In combat time (and a lesser extent during exploration) it's pretty easy to make sure every player is involved in what is happening to the party. It absolutely makes sense that downtime is primarily an individual endeavor. The mage researching a new spell or someone forging a new weapon aren't going to require everyone's involvement; as such, these are often best handled in a montage or sequence, or through one-on-one with the DM.

If your 'downtime activity' requires the active participation of the entire party and is directly relevant to the adventure they're on, congratulations, you've replaced downtime with adventuring.

It would be possible to encourage downtime with semi-random events that are generally positive. These could be related to side-quests, or begin introducing characters or resources that might be tapped later. Perhaps more importantly, they can serve to give players a sense of a larger world. In a computer game like Grand Theft Auto, one of the things that surprises/entertains a lot of people is that NPCs are scripted; they'll go to their job, go home and appear to live normal-ish lives. Using downtime as a chance to introduce characters that the players are then invested in if they encounter them again later can't be understated.

It's also important to recognize that a lot of players enjoy a certain amount of fantasy wish-fulfillment.
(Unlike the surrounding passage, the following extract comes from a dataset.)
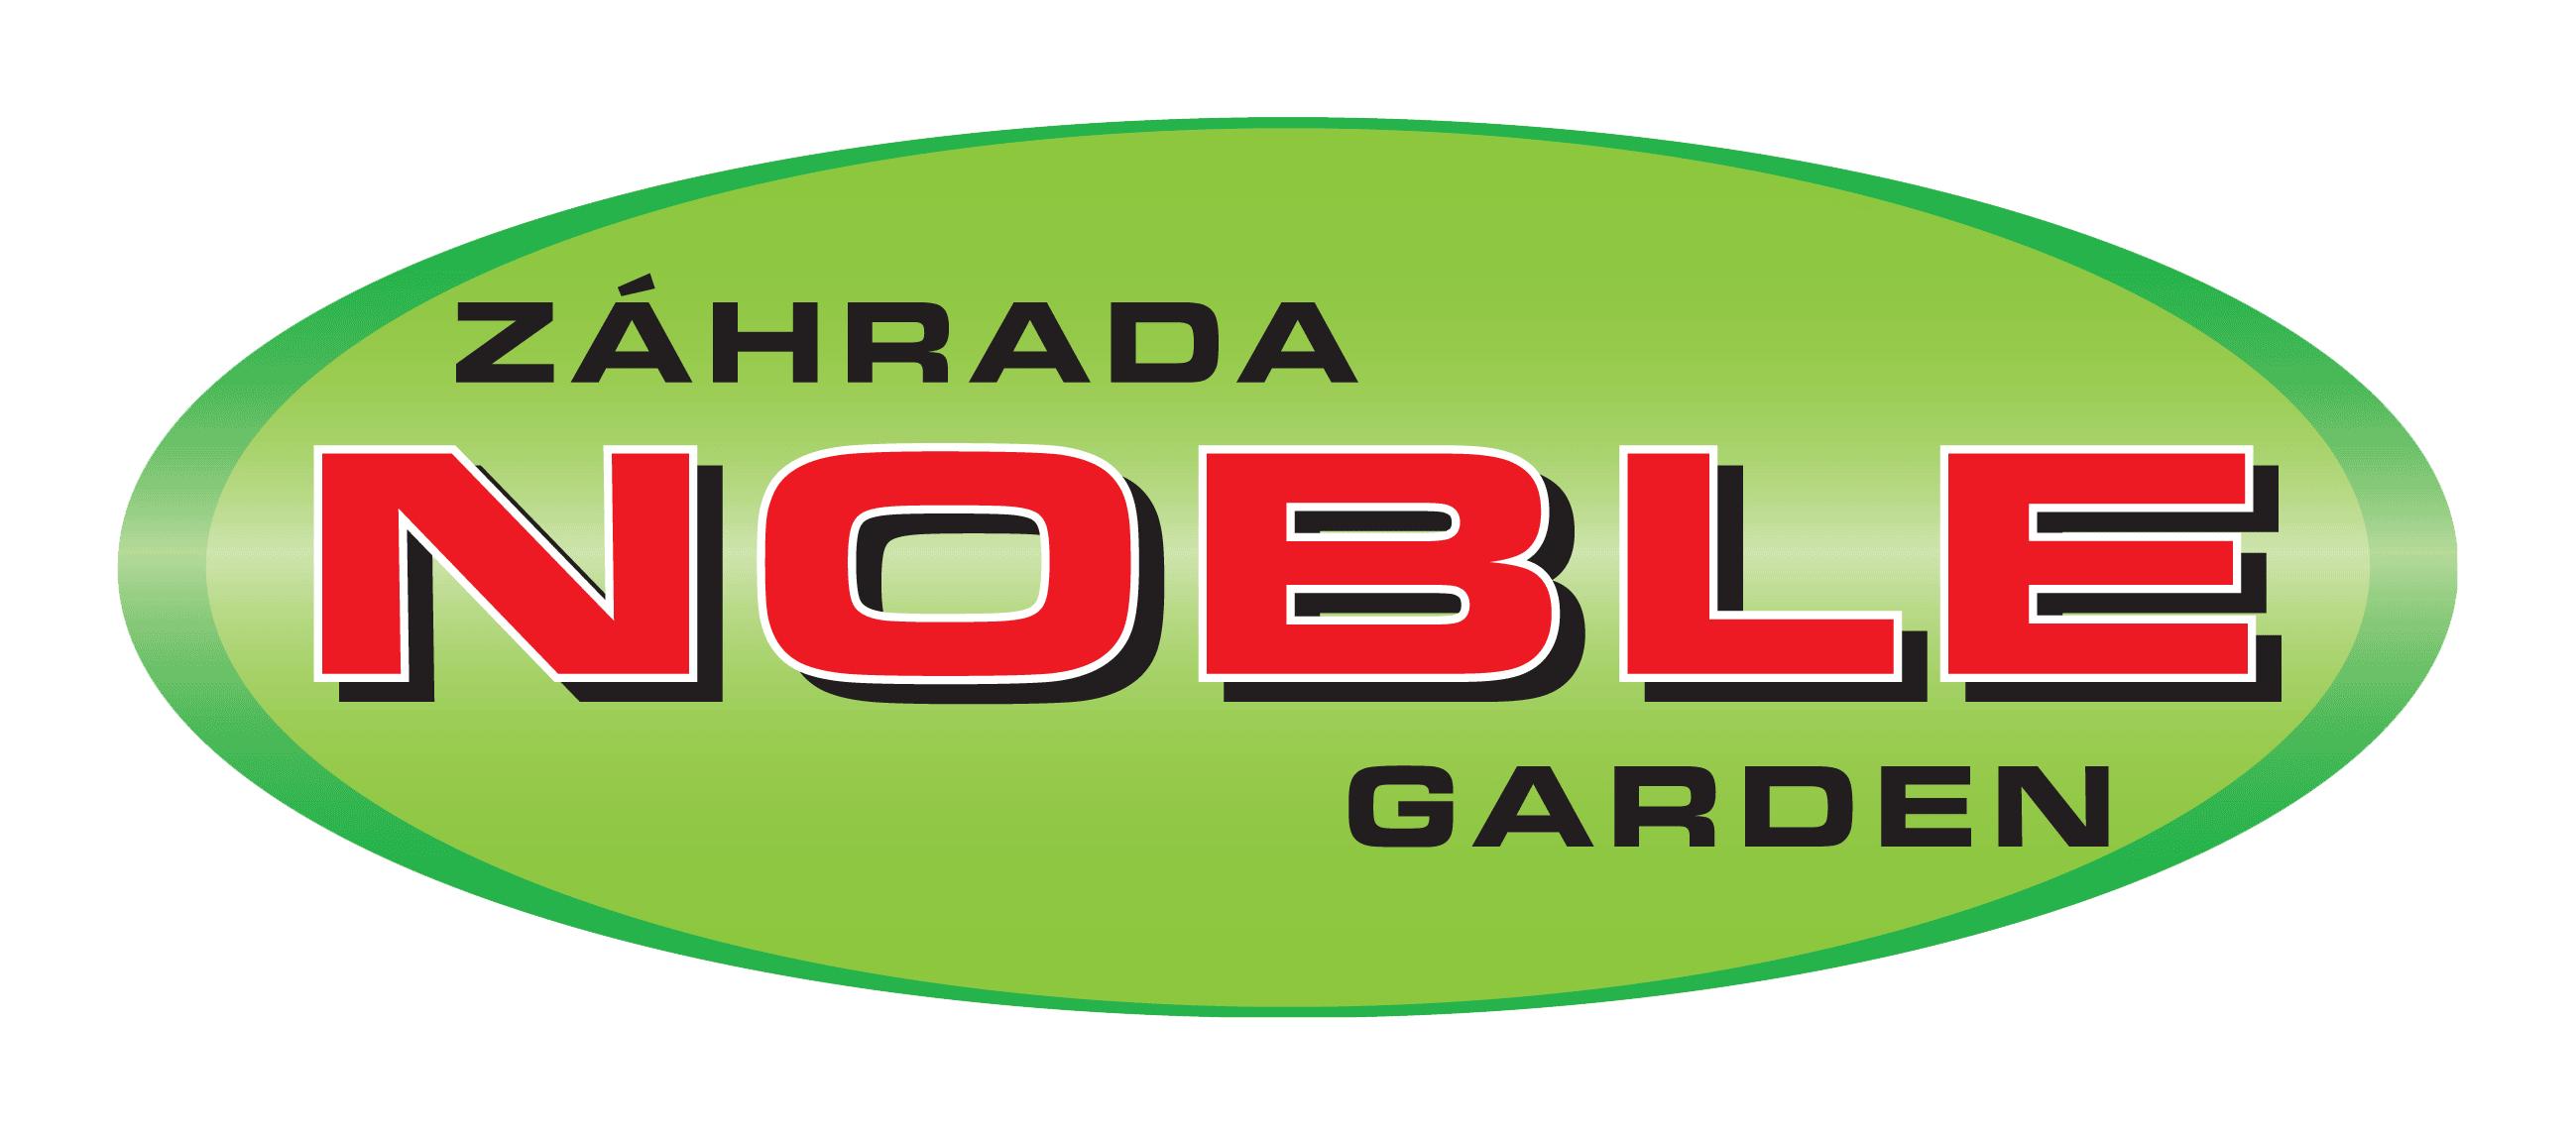 sportfitt-partneri-nogle-garden-logo
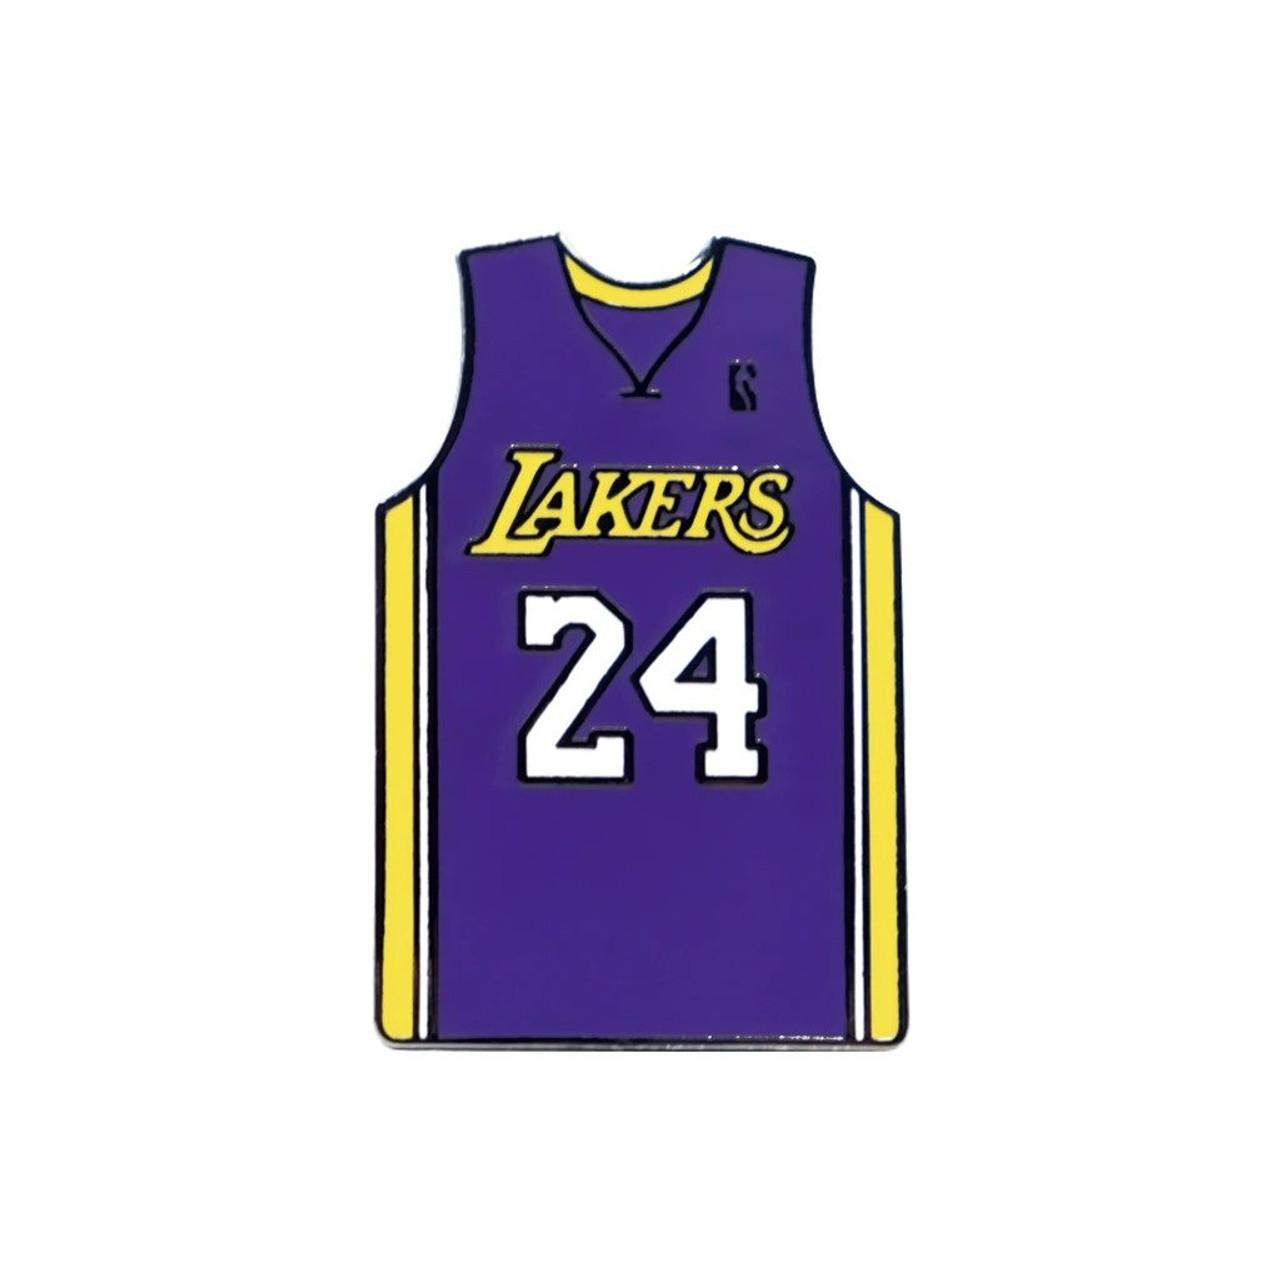 Kobe Bryant 24 Lakers Purple Jersey by KingPinz

Even if you're bagging groceries in real-life, you're a dragon-killing hero in the game world. Having players receive recognition from the villagers (free drinks, general respect) don't imply risk to life-and-limb, but having bigwigs seek out and consult the PCs about minor things can offer a lot of role-playing and serve as a whole other category of reward.

Ultimately, that means that you have to have things planned for when the PCs aren't dungeon-delving, whether generating random-tables or carefully crafting some additional events... It's easy to make the decision that it doesn't add ENOUGH to make it worth fully committing to. It's going to depend on your players and your GM.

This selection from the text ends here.